Хорошо! Тогда будем драться из упрямства: Наполеон проведет зиму в Москве.
Он назначает интенданта в столице русской империи, создает муниципалитеты, отдает приказы о снабжении армии продовольствием. Он сделает из города огромный укрепленный лагерь: хлеба и соли, этих двух элементов восстановления человеческих сил, здесь будет достаточно; если нечем будет кормить лошадей, мы их засолим, если не будет хватать жилья, расположимся в подвалах. В Москву приедут играть лучшие актеры из Парижа, как они играли в Дрездене. Здесь придется пробыть пять месяцев, эти пять месяцев пройдут быстро. Весной подойдут подкрепления, вся Литва, вооружившись, присоединится к нам, и мы закрепим победу.
Да, но что скажет Париж, если в течение пяти месяцев не будет получать вестей от своего императора и от армии в сто пятьдесят тысяч человек? Что сделают пруссаки и австрийцы, эти не слишком верные союзники, способные в один миг обернуться врагами?
От такого замысла надо отказаться.
Третьего октября принято новое решение: сжечь остальную часть Москвы, через Тверь пойти на Петербург, Макдональд соединится там с основными силами армии, Мюрат и Даву будут командовать арьергардом.
Этот новый план зачитал Евгений; генералы, маршалы, принцы, короли переглядываются, таким образом спрашивая друг друга, не сошел ли с ума их император.
Нет, просто удача перестает к нему благоволить. Раньше, когда он вынужден был отступать, он чувствовал ее рядом с собой, он опирался на нее — сегодня ее не было с ним и его руки ощущают лишь пустоту!
На самом же деле ему нужно совсем другое — ему нужен мир.
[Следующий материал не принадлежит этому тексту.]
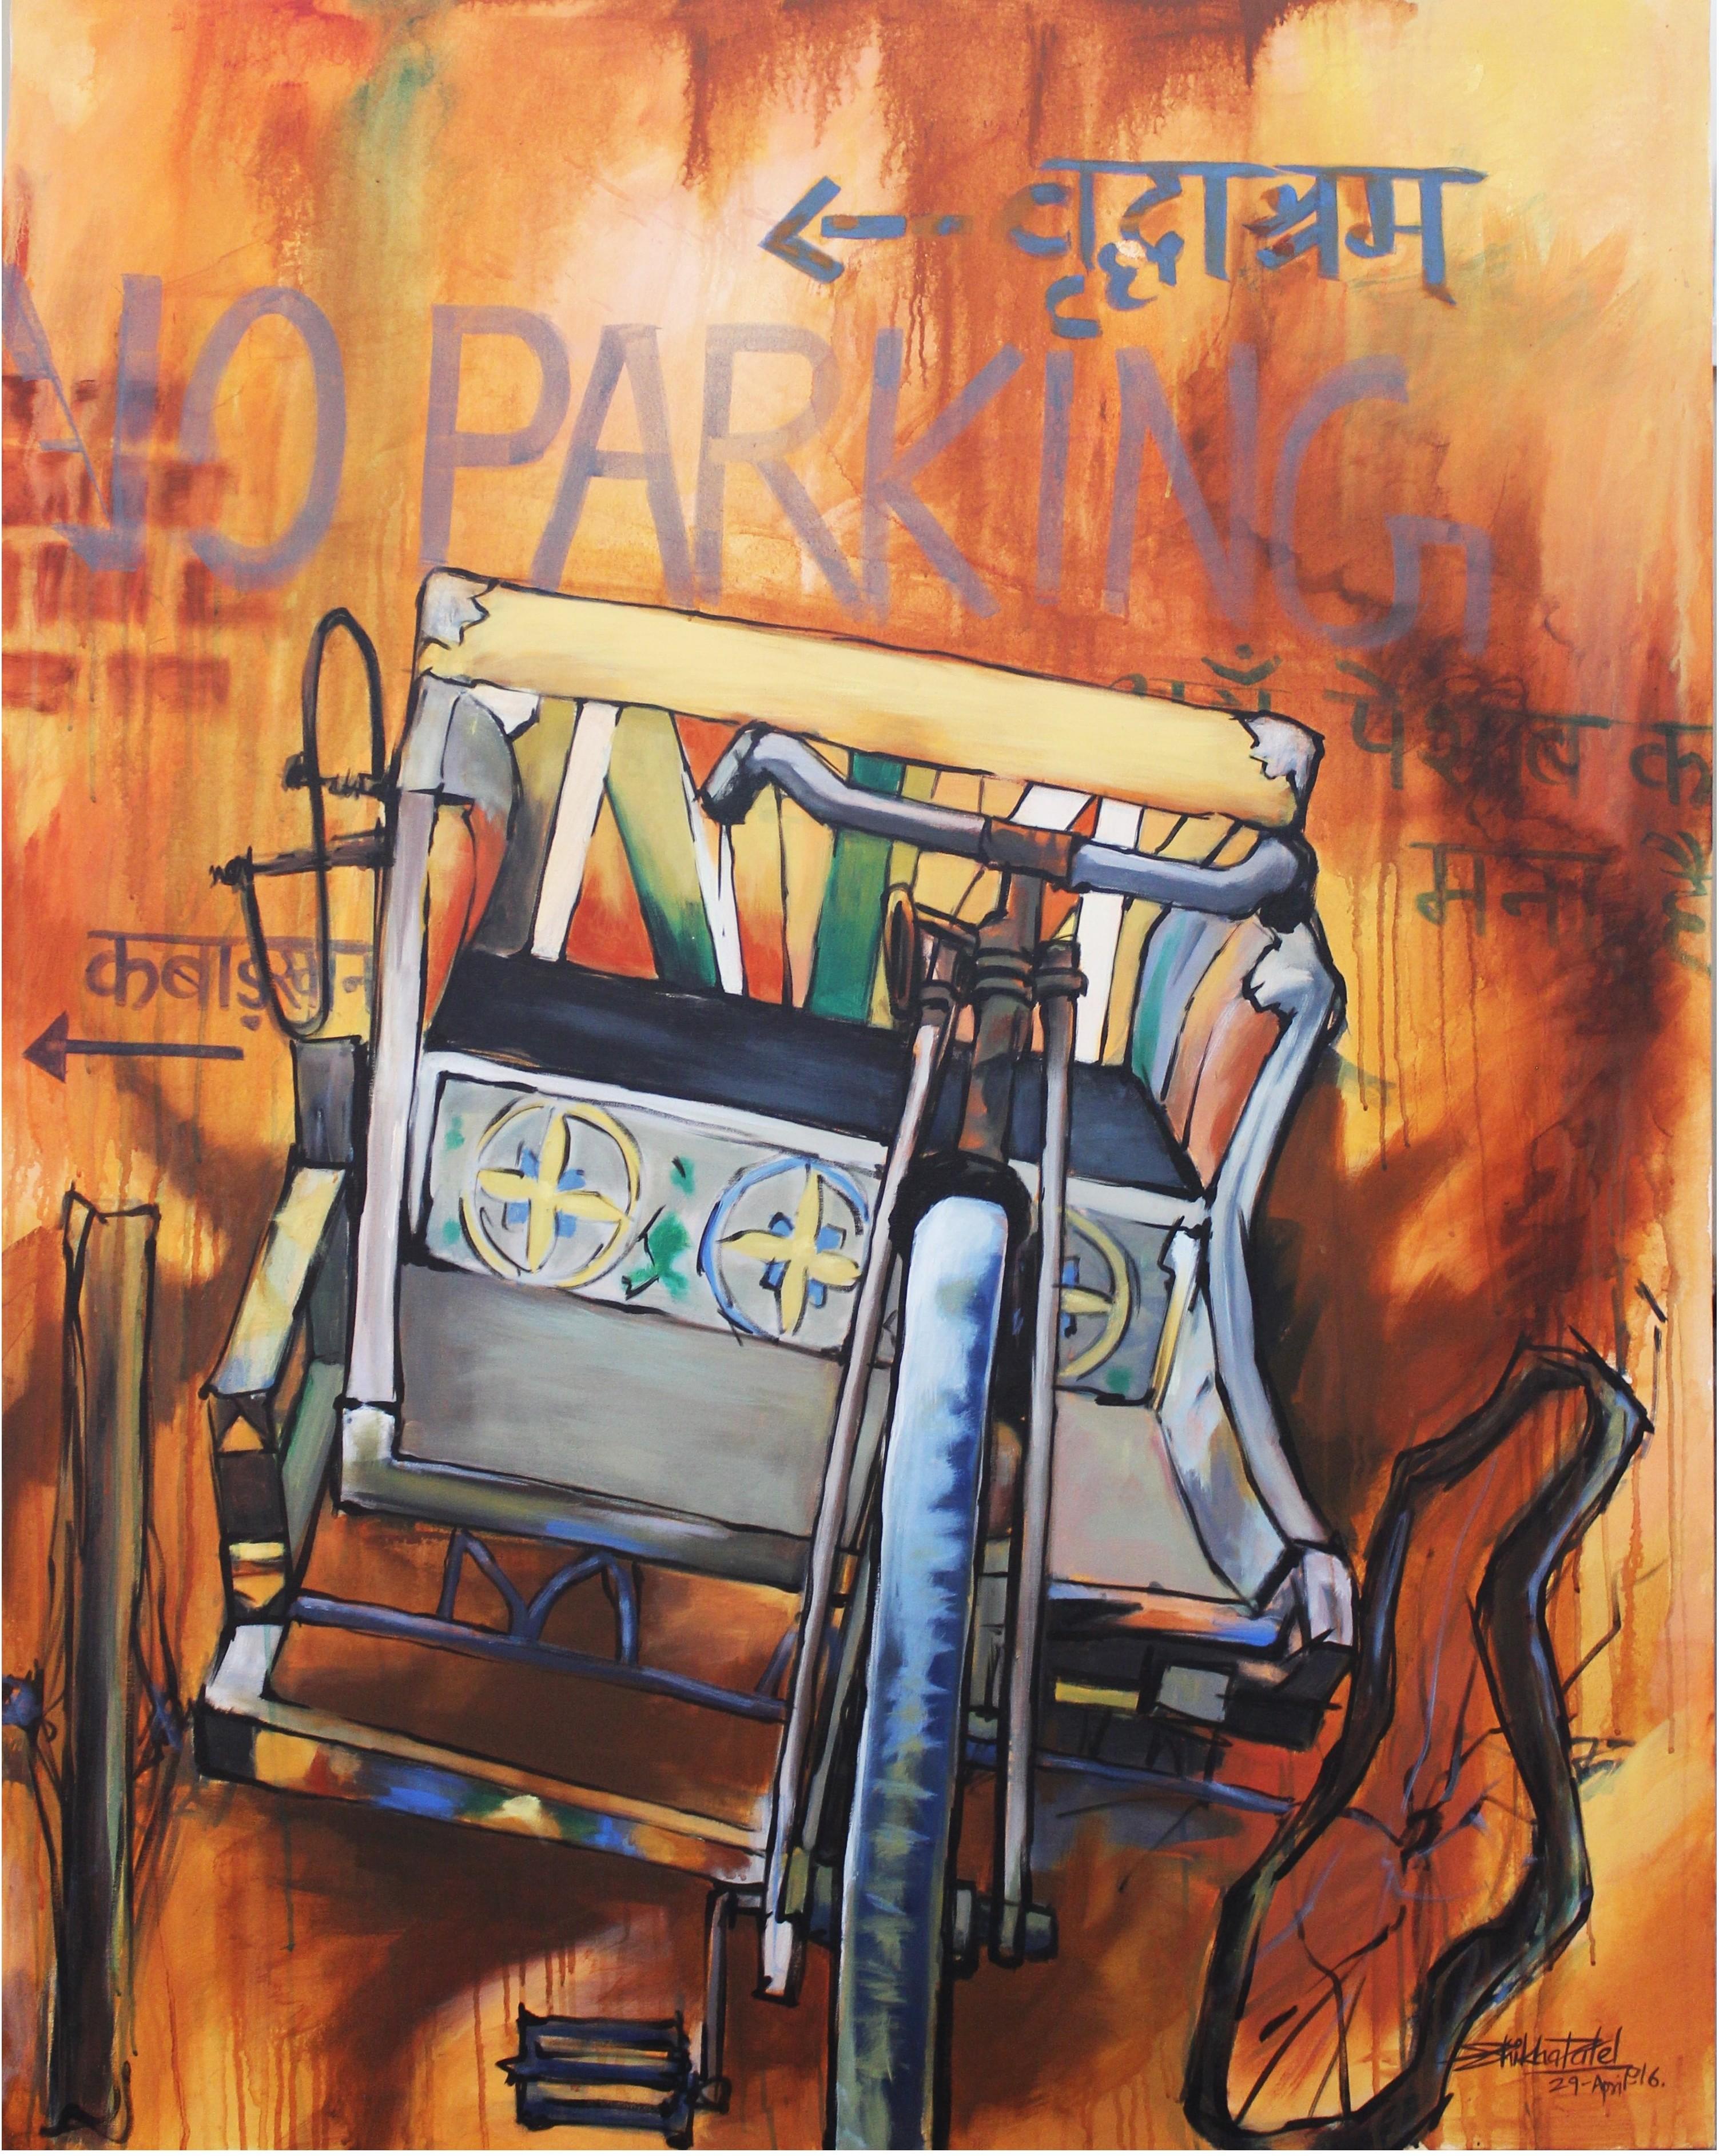 consequenceof aging rickshaw

Император вызывает Коленкура. Этот дипломат, который два года был послом при царе Александре и которого царь считал другом, сумеет добиться выгодных условий. Но Коленкур отказывается, он знает Александра: Наполеон не получит ответа от своего врага, пока он не очистит полностью территорию России.
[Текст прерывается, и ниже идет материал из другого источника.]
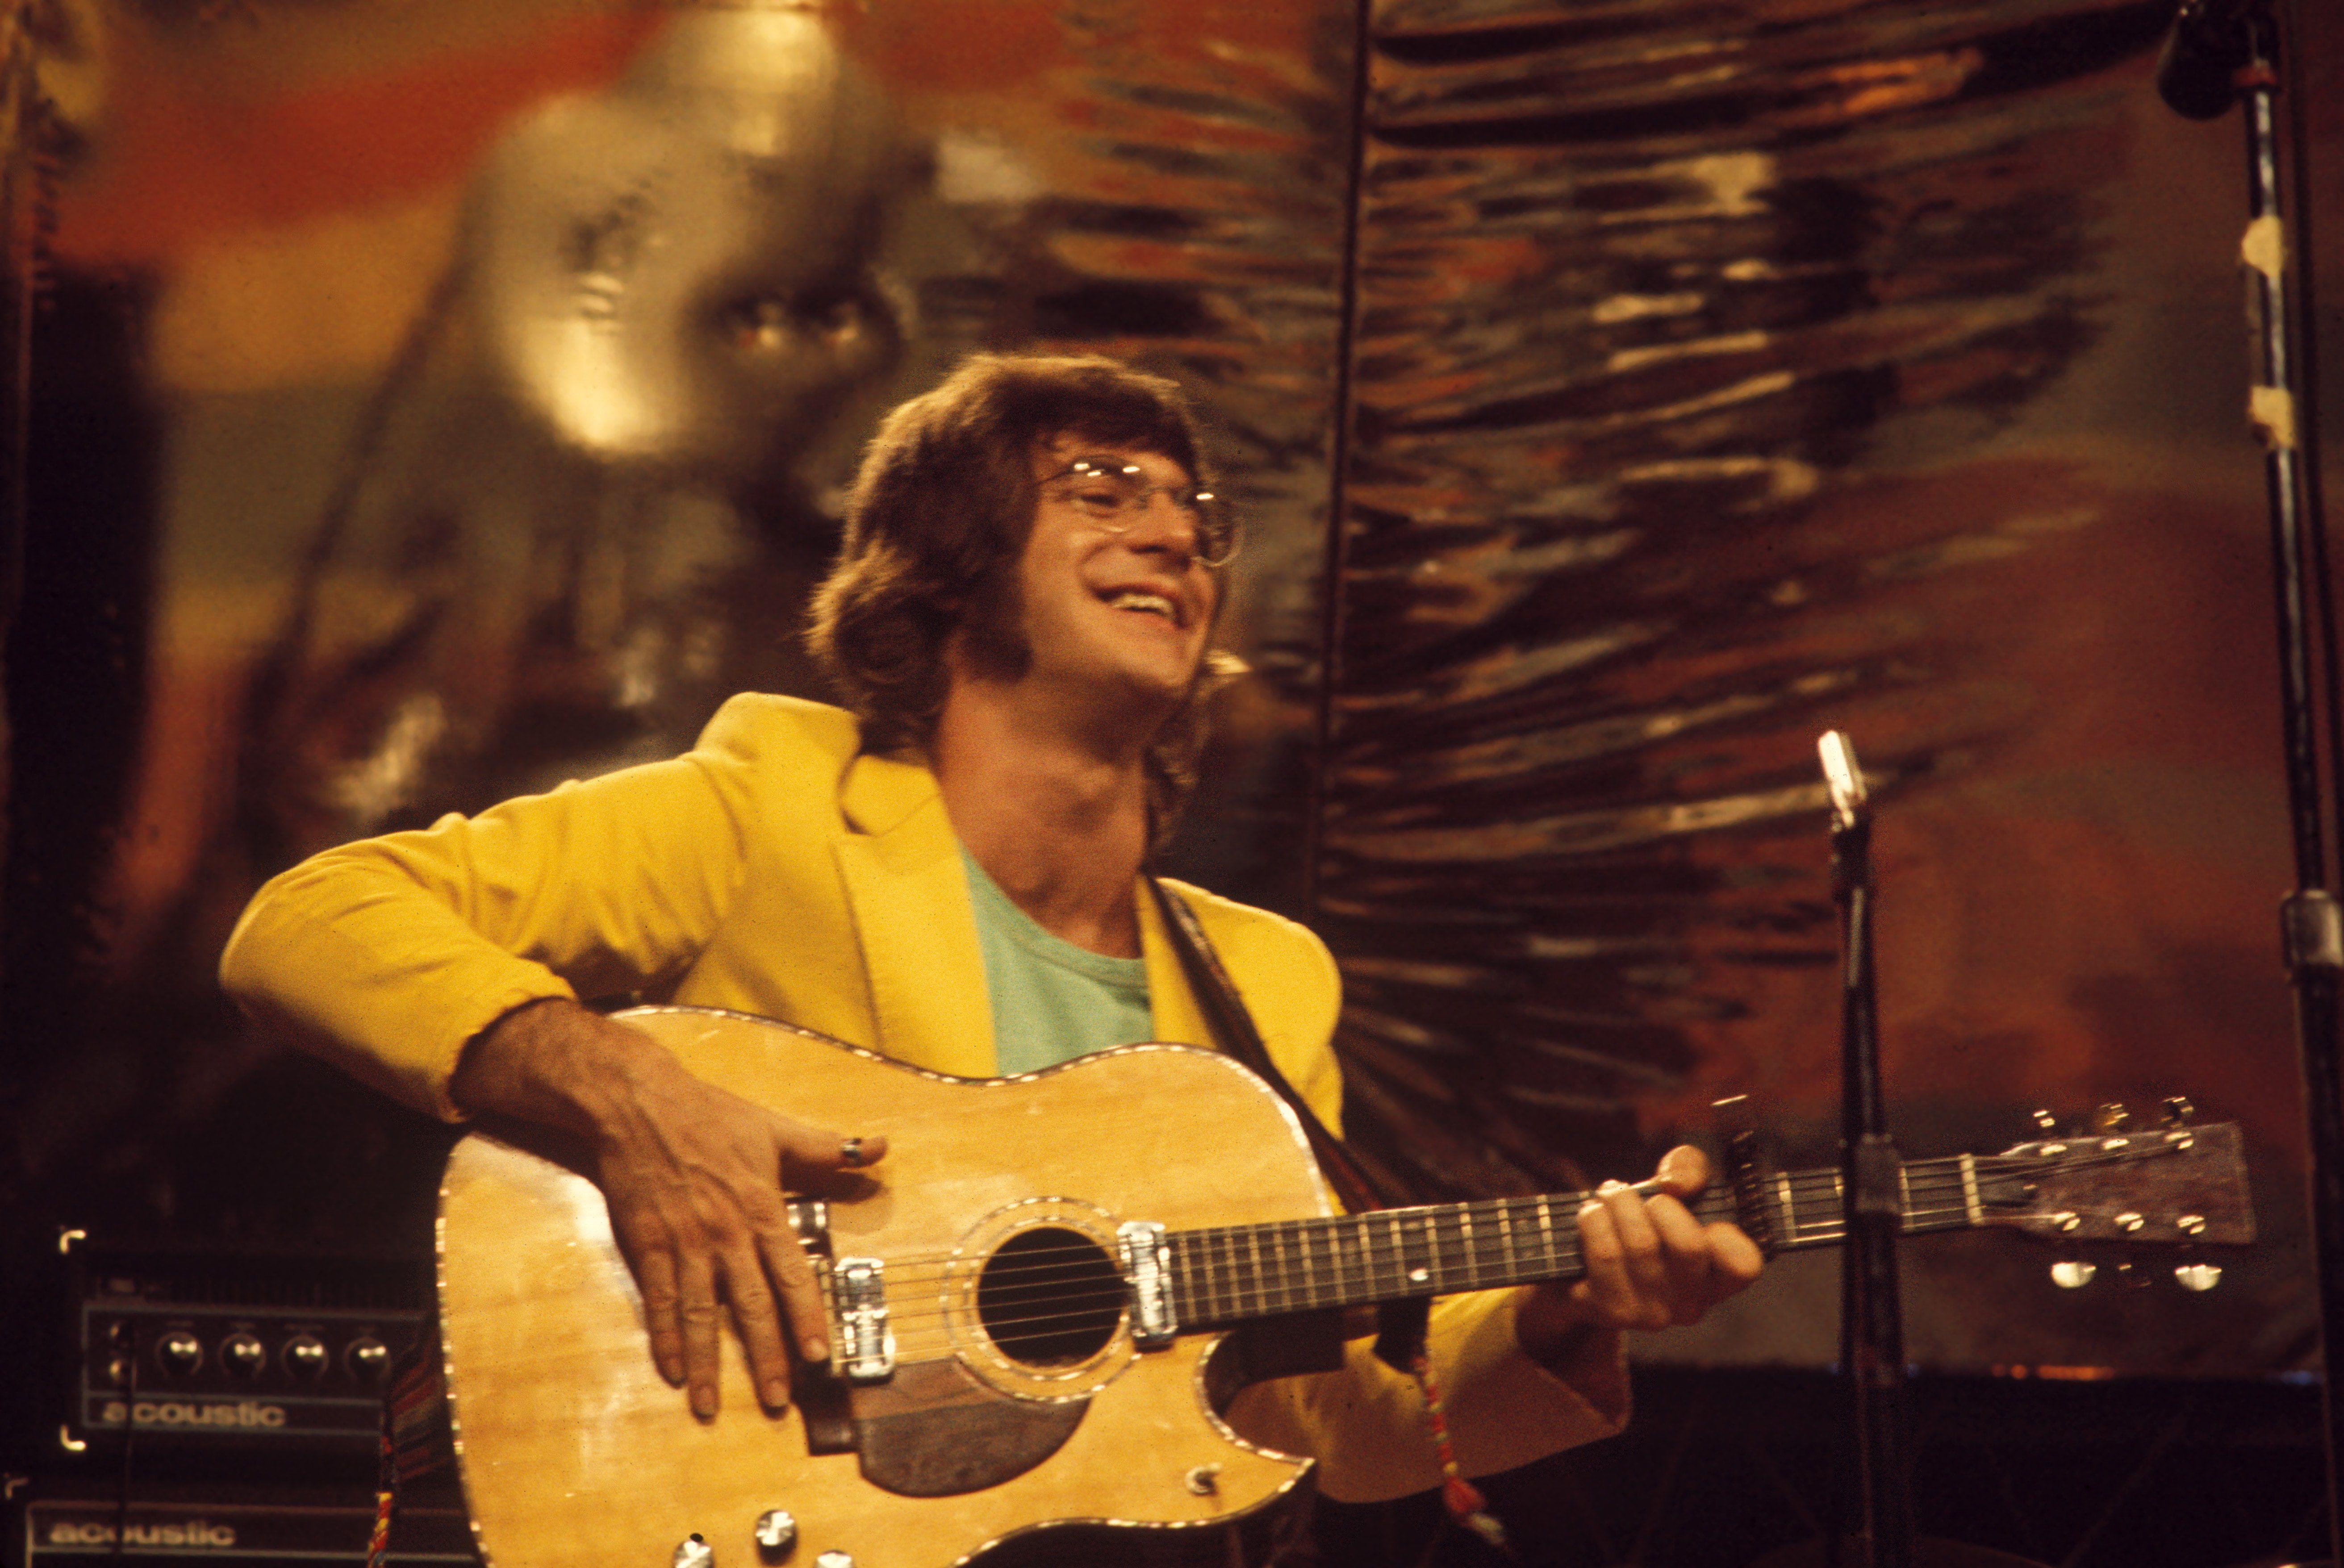 John Sebastian playing acoustic guitar live

Тогда решают отправить Лористона. Тот соглашается, едет в лагерь Кутузова, чтобы попросить у старого генерала пропуск в Петербург; но полномочия Кутузова не простираются так далеко, и он предлагает отправить князя Волконского в Петербург с депешей, нисколько не сомневаясь, что это ни к чему не приведет. И он прав: ни Волконский, ни Лористон, ни Коленкур не привезут ответа — дать этот ответ поручено зиме.
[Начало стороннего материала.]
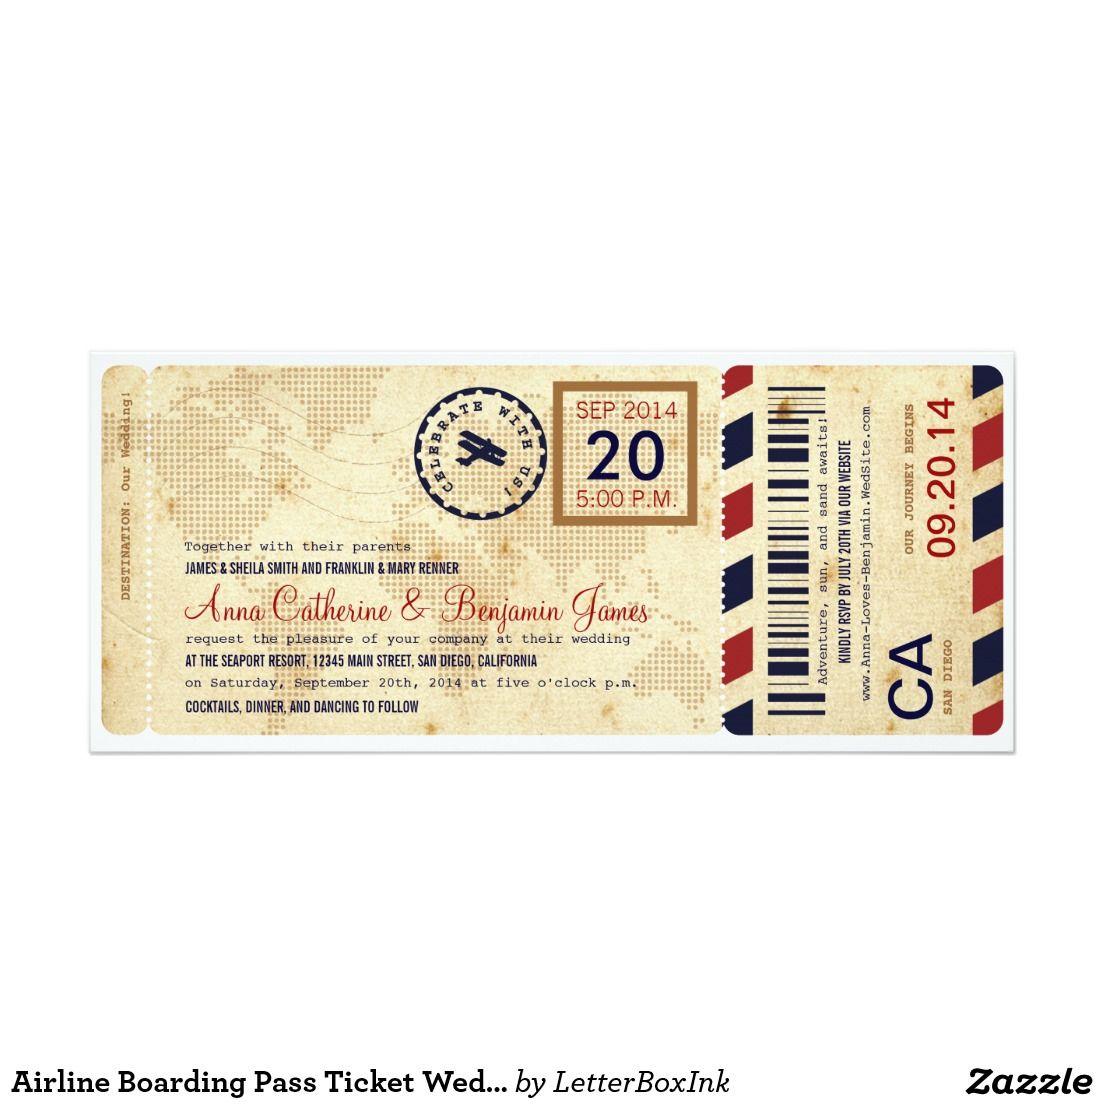 plane ticket wedding invitation free template - 100 images ...

Она наступила около 14 октября, когда появился первый снег.
Император, наконец, понимает предостережение; он отдает приказ снять все украшения с церквей как трофеи французской армии; теперь будет щедро награжден Дом инвалидов: его купол украсит крест Ивана Великого, венчавший главный собор Кремля.
Шестнадцатого отступление еще не решено и само это роковое слово, означающее, что удача императора идет на убыль, еще не было произнесено. В этот день на Можайск отправляют дивизию Клапареда с трофеями похода и всеми теми ранеными и больными, кого можно было еще транспортировать.
Больные и раненые, которые не смогли бы перенести тяготы пути, были оставлены в больнице Воспитательного дома. Впрочем, в этом доме страданий находились как русские, так и французы. Хирурги лечили и тех и других одинаково внимательно, с человеколюбием, не знающим разницы между нациями: для него люди есть люди. Было решено, что хирурги останутся вместе с ними.
Внезапно пушечная канонада, впрочем не перестававшая грохотать то в одной точке, то в другой, послышалась ближе к Москве.
Император во дворе Кремля проводит смотр дивизии Нея; он слышит зловещее эхо, но делает вид, что ничего не происходит. Вечером, поскольку никто другой не осмеливается сообщить ему печальную новость, Дюрок решает рискнуть: он входит к императору и говорит, что Кутузов атаковал Мюрата в Воронове, обошел левое крыло неаполитанского короля, отрезал ему отход, отбил у него двенадцать пушек, двадцать зарядных ящиков, тридцать фургонов, убил двух его генералов и вывел из строя четыре тысячи человек; сам неаполитанский король был ранен, когда совершал чудеса для восстановления порядка в бою, благодаря героизму Понятовского, Клапареда и Латур-Мобура проигранном только наполовину.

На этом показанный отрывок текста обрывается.